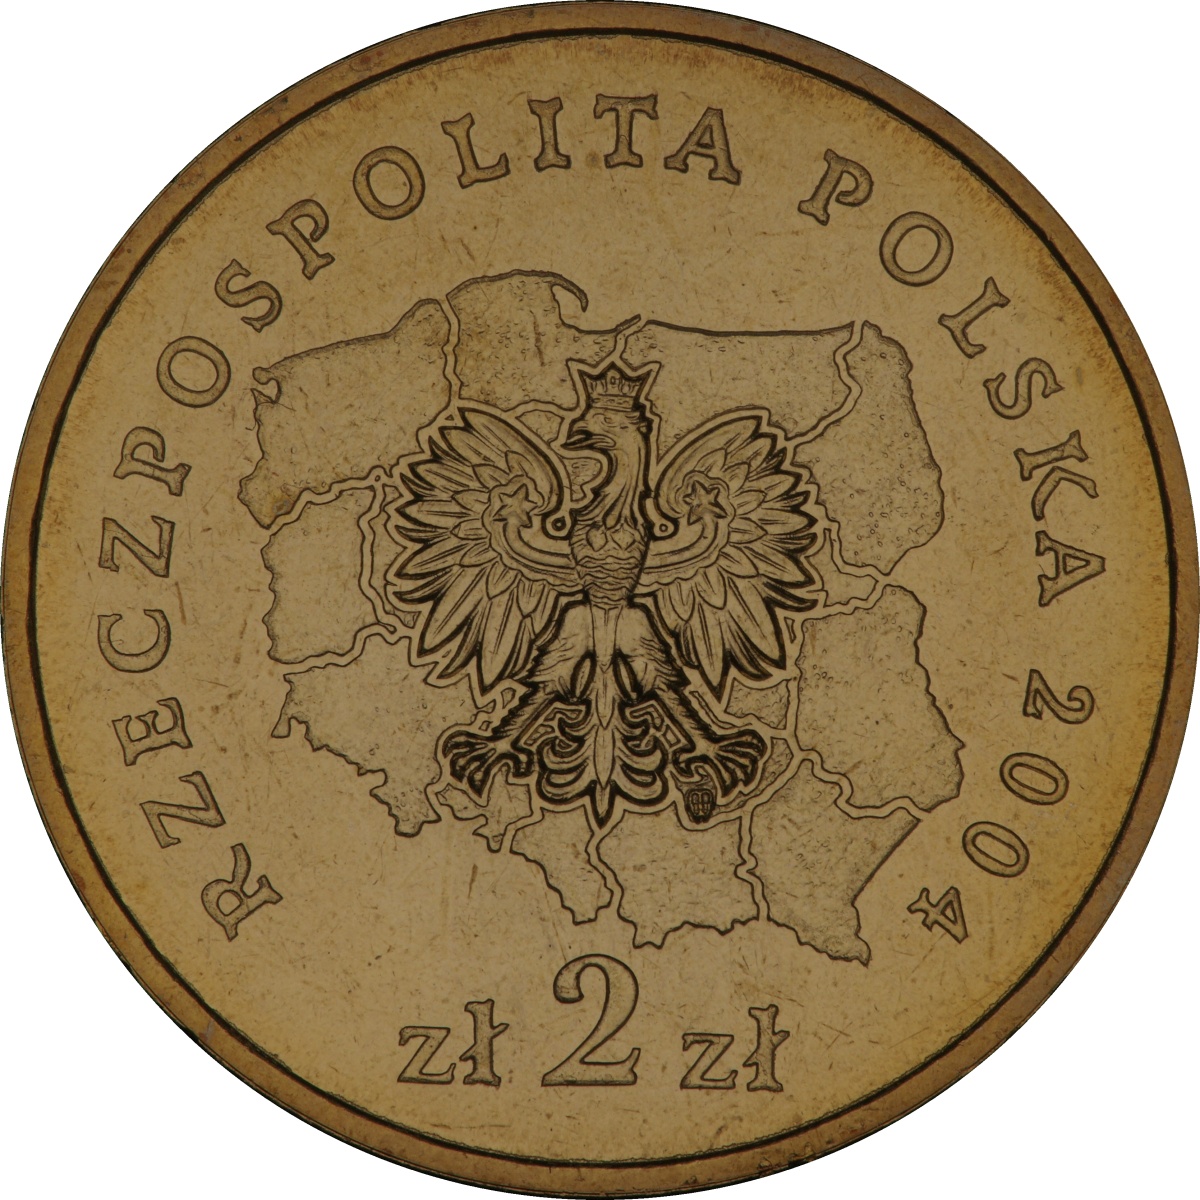 2zl-okolicznosciowe-wojewodztwo-opolskie-rewers-monety
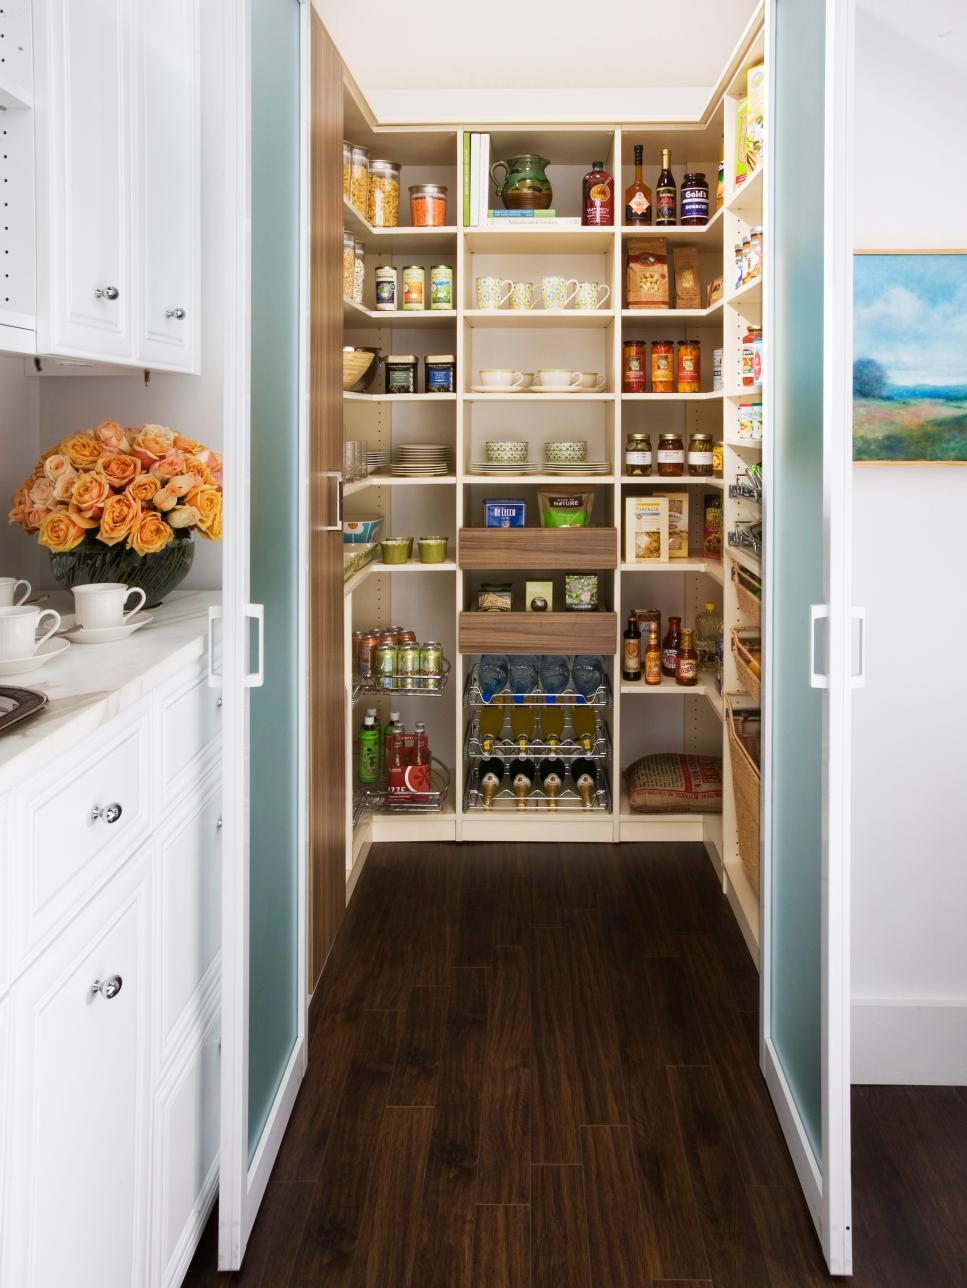 Under cabinet storage solutions  Kitchen cupboard storage, Small kitchen  storage solutions, Small kitchen storage
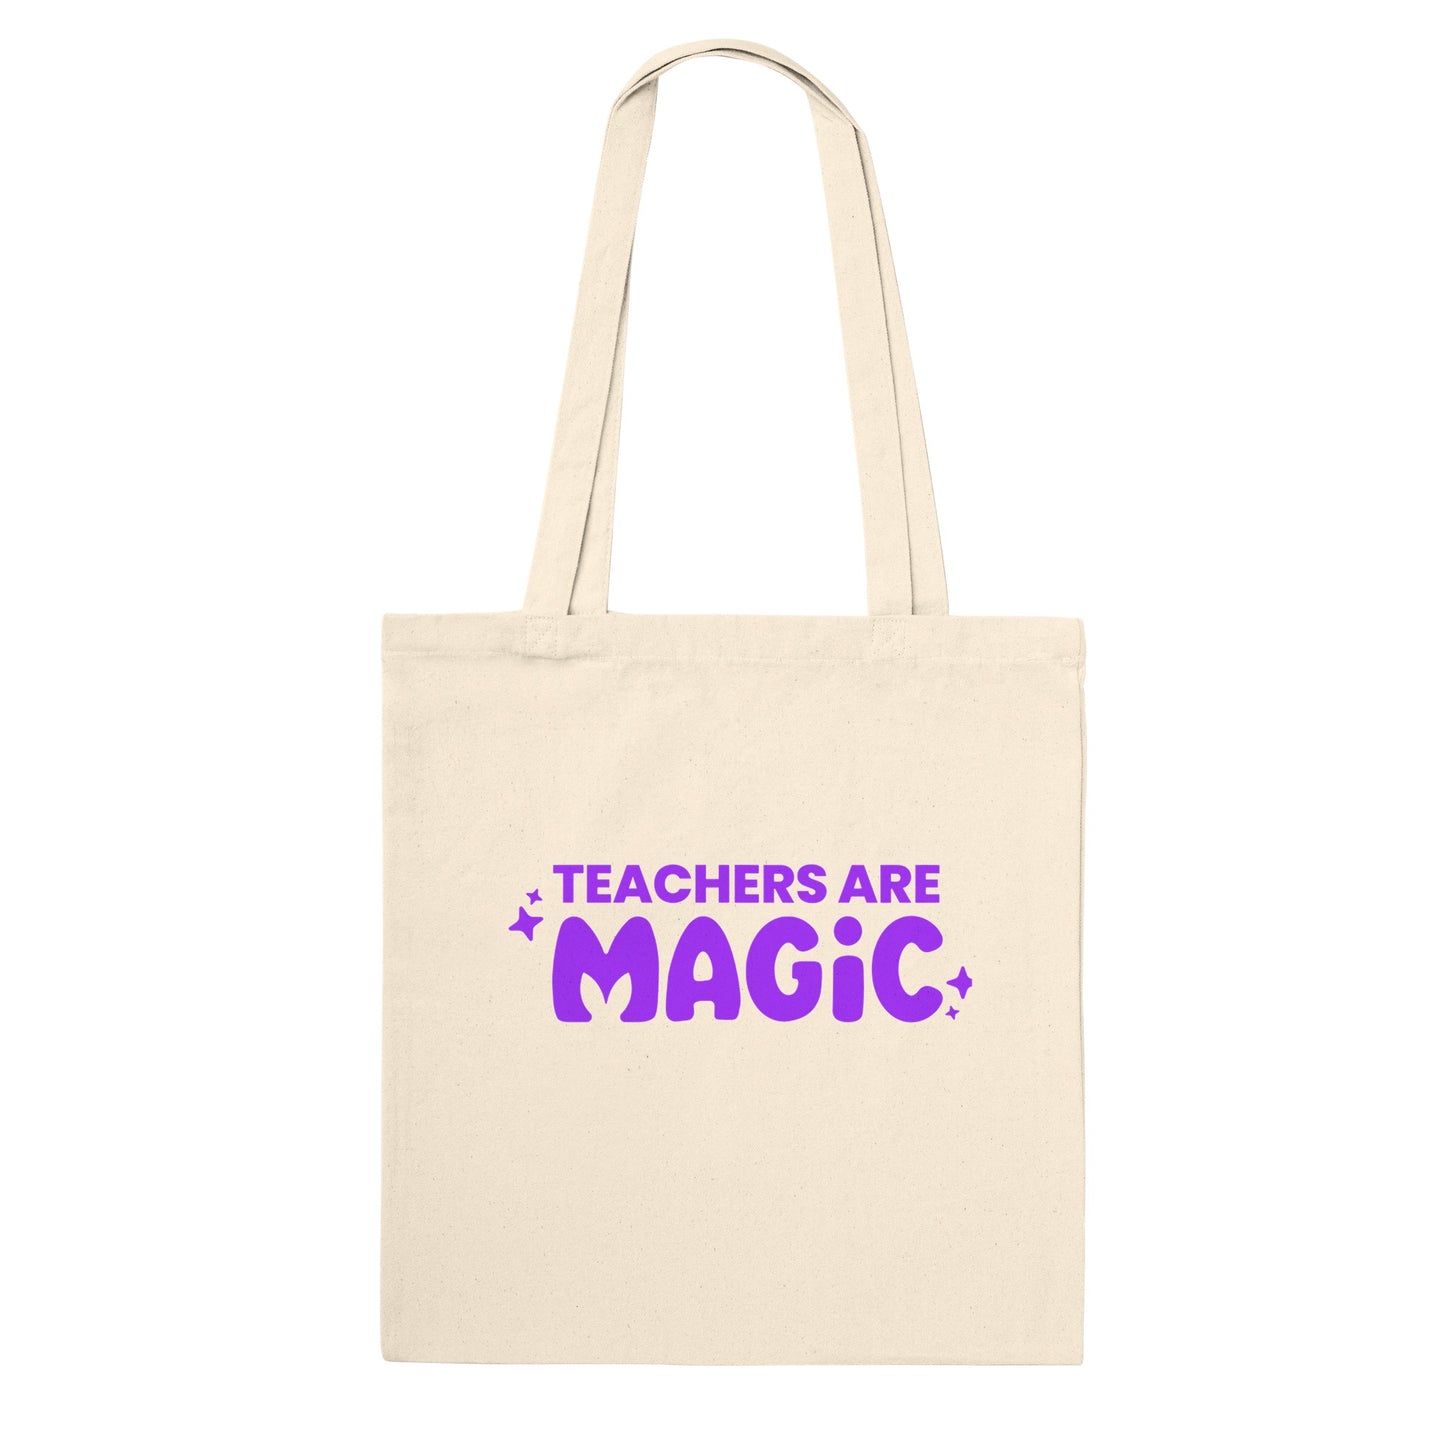 NEW 100% Cotton Premium Tote Bag – MagicSchool.ai Shop

+---+

In the copy, include exactly the lines from the one with "Under cabinet storage" through the final line of the data, both ends included, and no pictures.

- [Result of this exercise]:
 Under cabinet storage solutions  Kitchen cupboard storage, Small kitchen  storage solutions, Small kitchen storage
 NEW 100% Cotton Premium Tote Bag – MagicSchool.ai Shop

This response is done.